Data provided>
Content starts

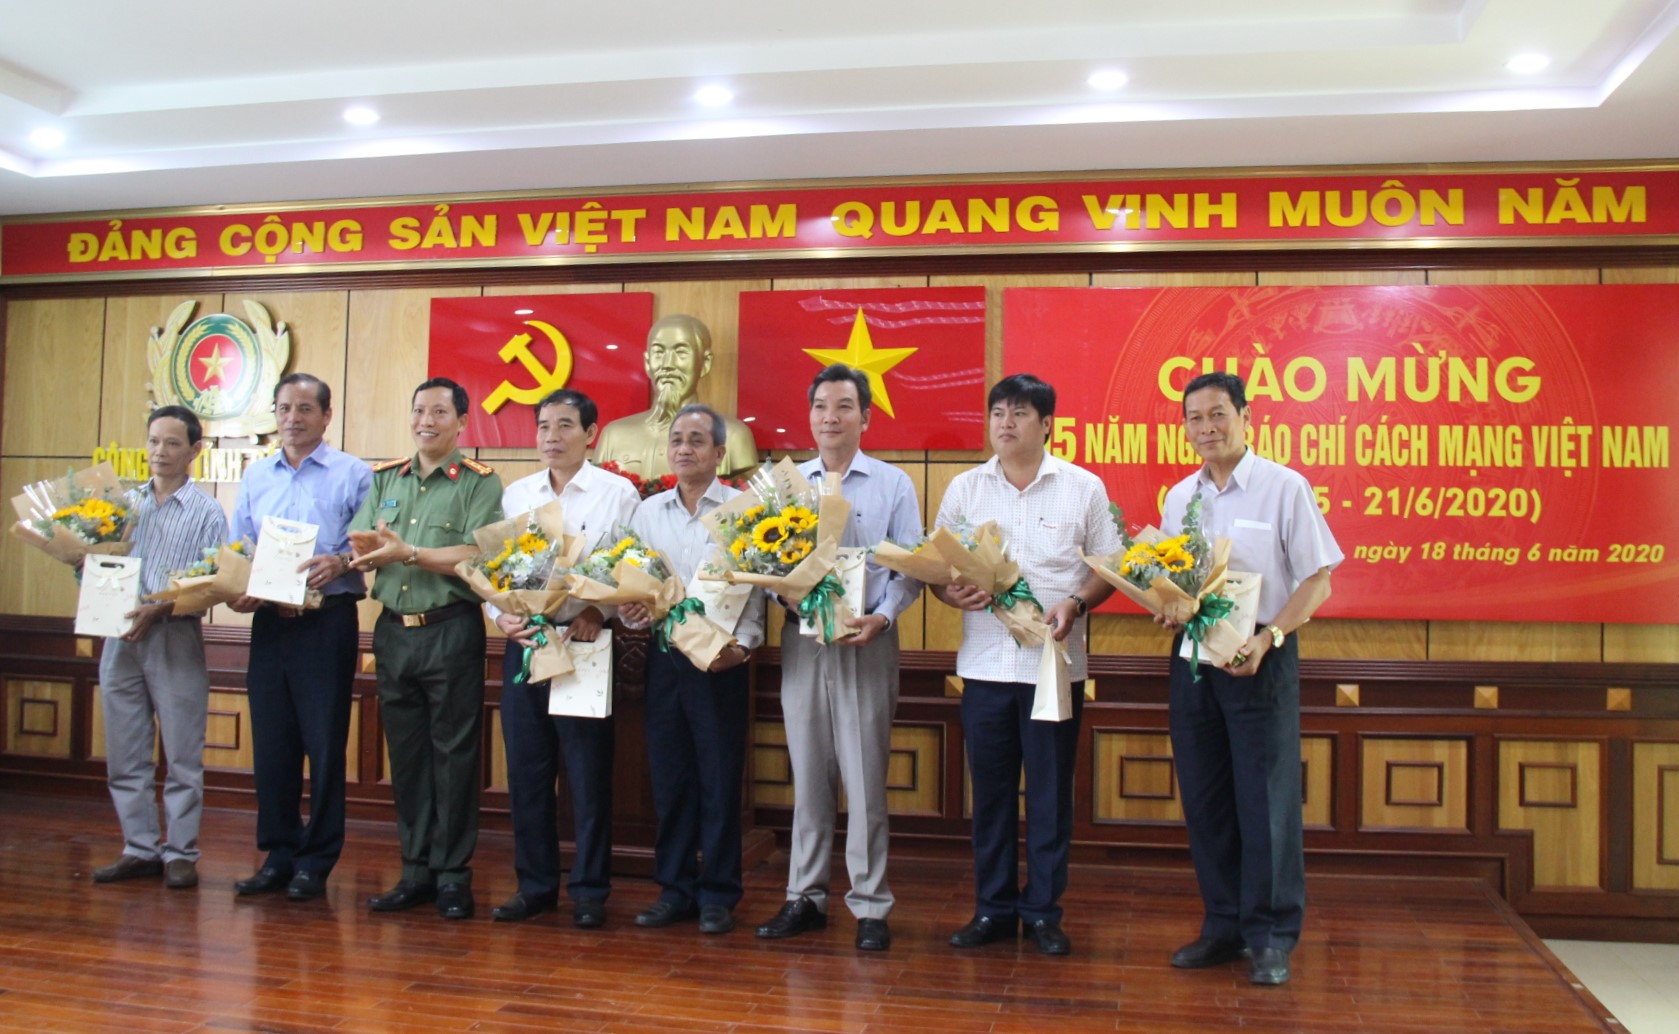 Công an tỉnh Đắk Lắk gặp mặt các cơ quan báo chí trên địa bàn nhân Kỷ niệm 95 năm Ngày Báo chí cách mạng Việt Nam
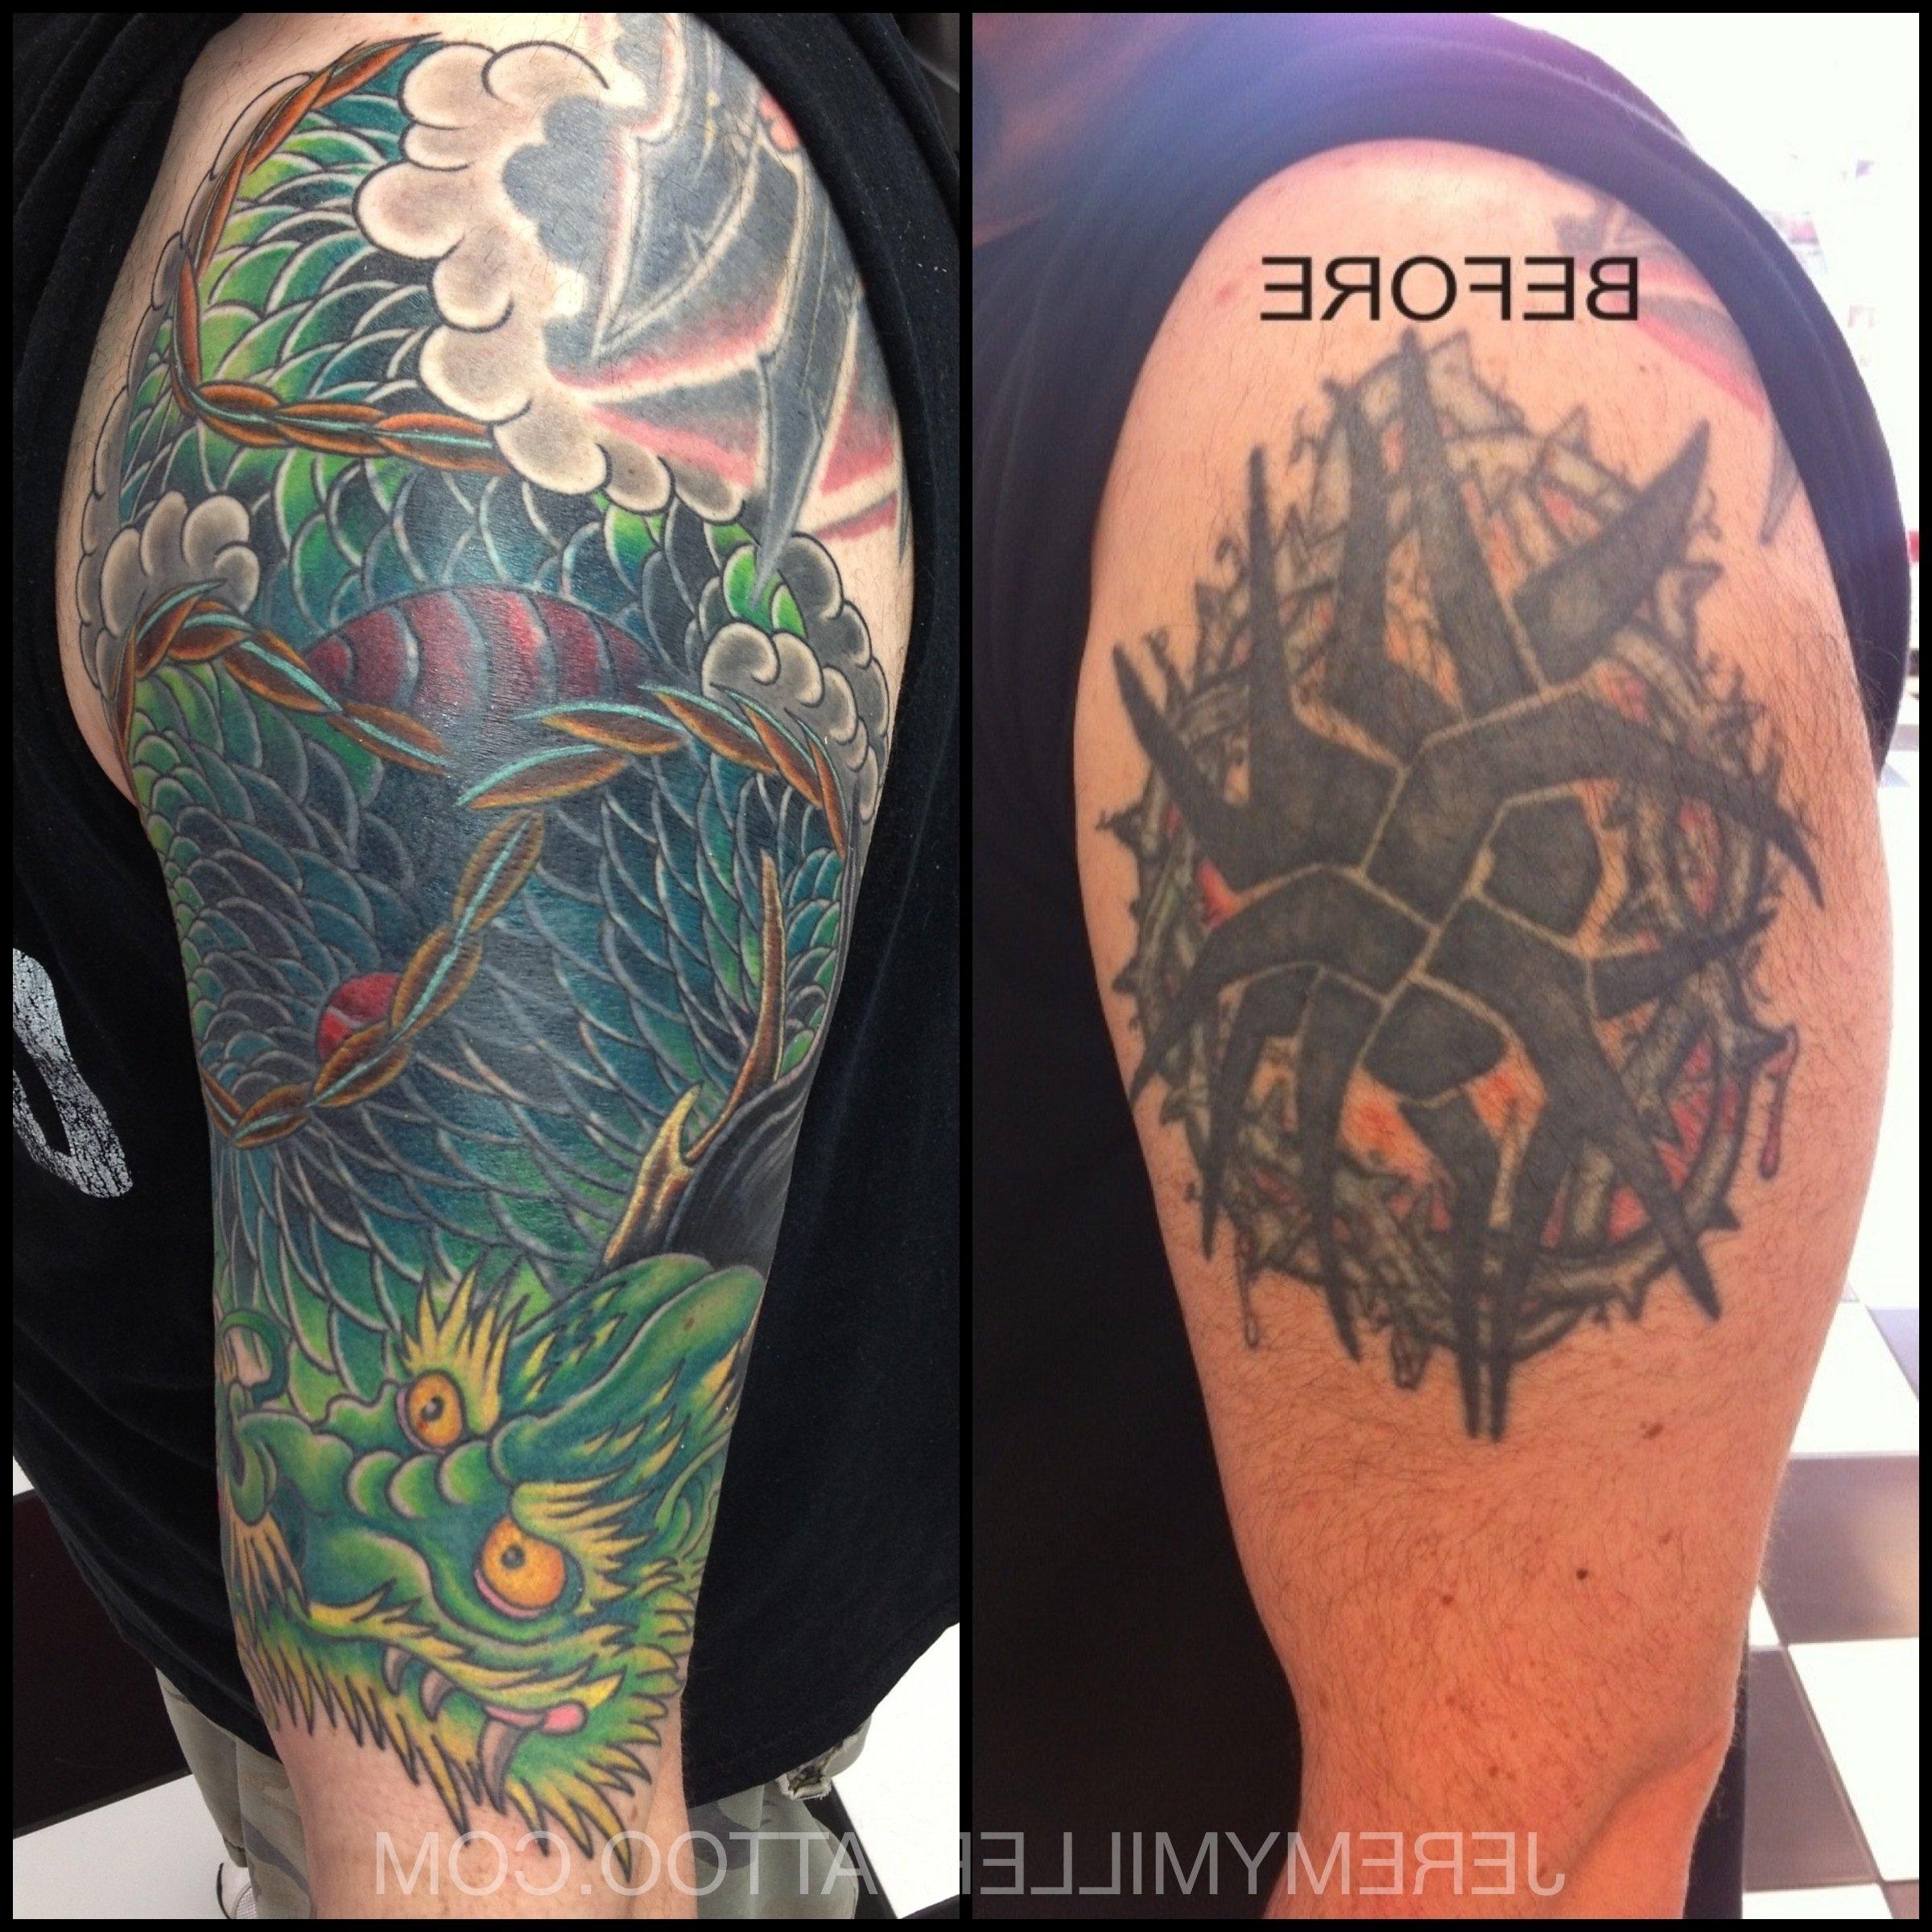 10 Stylish Tribal Tattoo Cover Up Ideas tattoo cover up ideas for shoulder 34 tribal tattoos that turned 2020
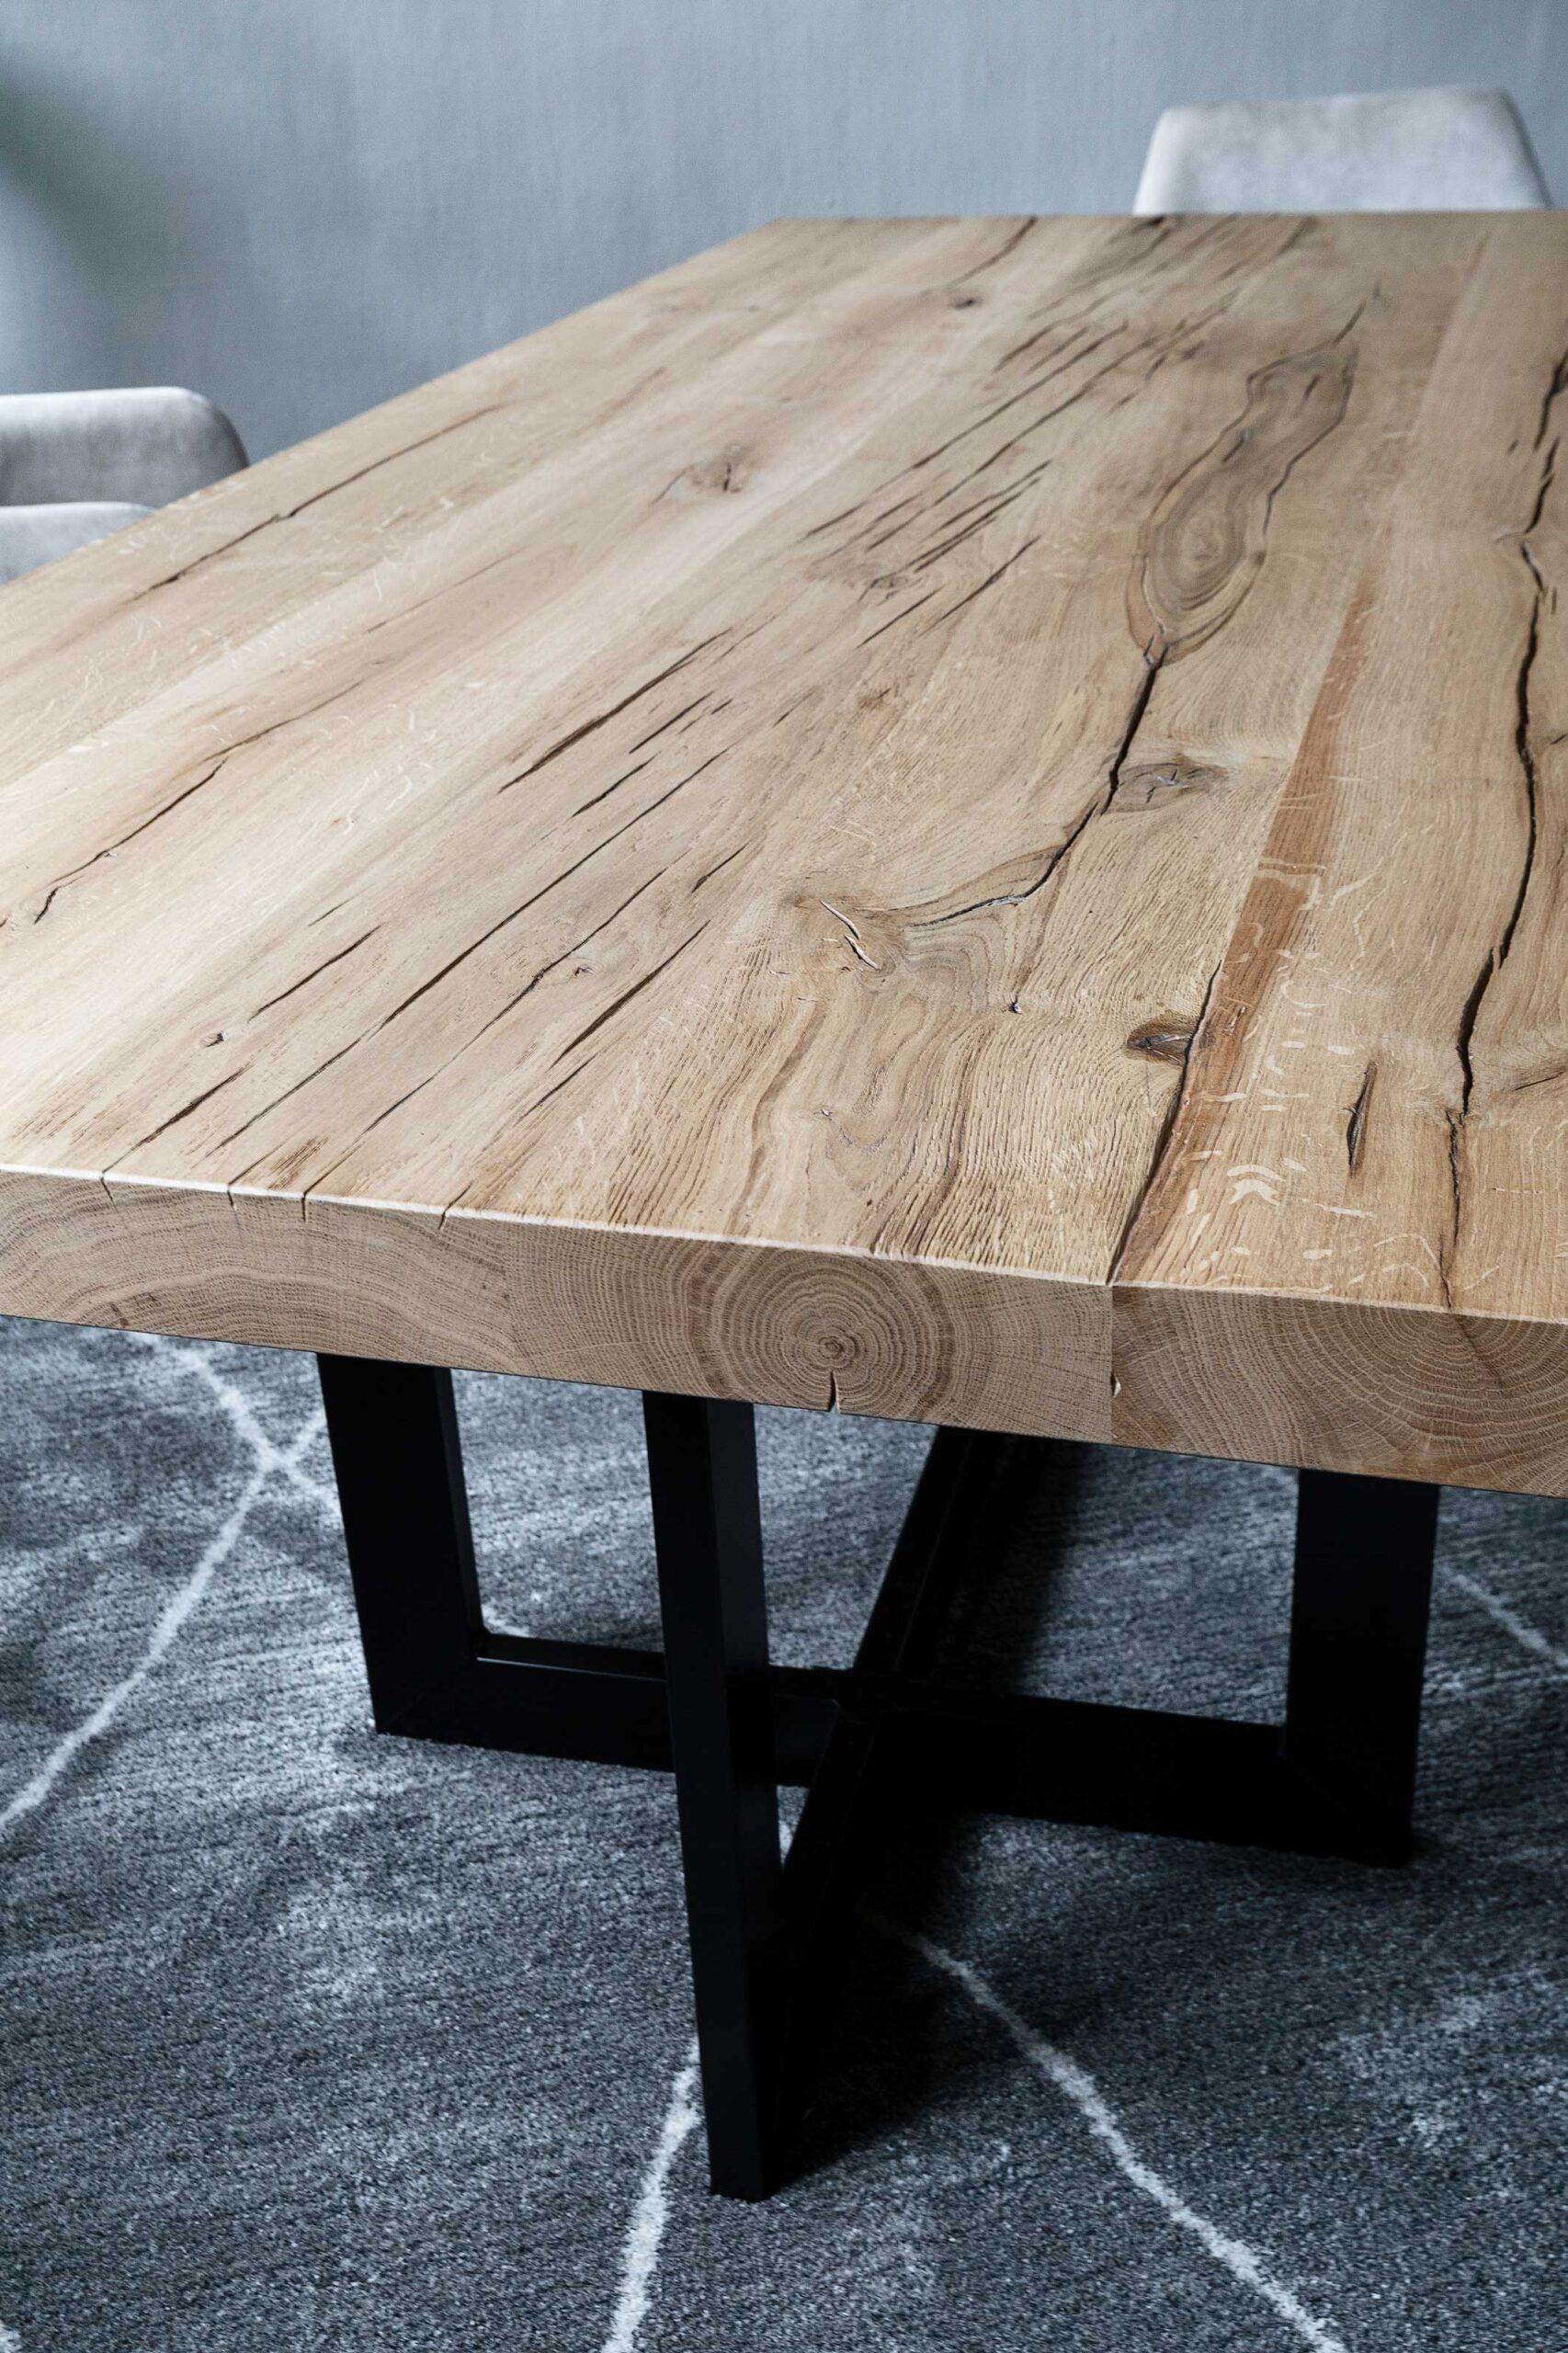 cape-town-tafelberg-eienhouten-eettafel-met-dik-massief-rustiek-eikenhout-op-design-zwart-staal-onderstel-soofs-interieur

Content ends

Task brief> Restate the data word for word without pictures.

Answer box>
 Công an tỉnh Đắk Lắk gặp mặt các cơ quan báo chí trên địa bàn nhân Kỷ niệm 95 năm Ngày Báo chí cách mạng Việt Nam
 10 Stylish Tribal Tattoo Cover Up Ideas tattoo cover up ideas for shoulder 34 tribal tattoos that turned 2020
 cape-town-tafelberg-eienhouten-eettafel-met-dik-massief-rustiek-eikenhout-op-design-zwart-staal-onderstel-soofs-interieur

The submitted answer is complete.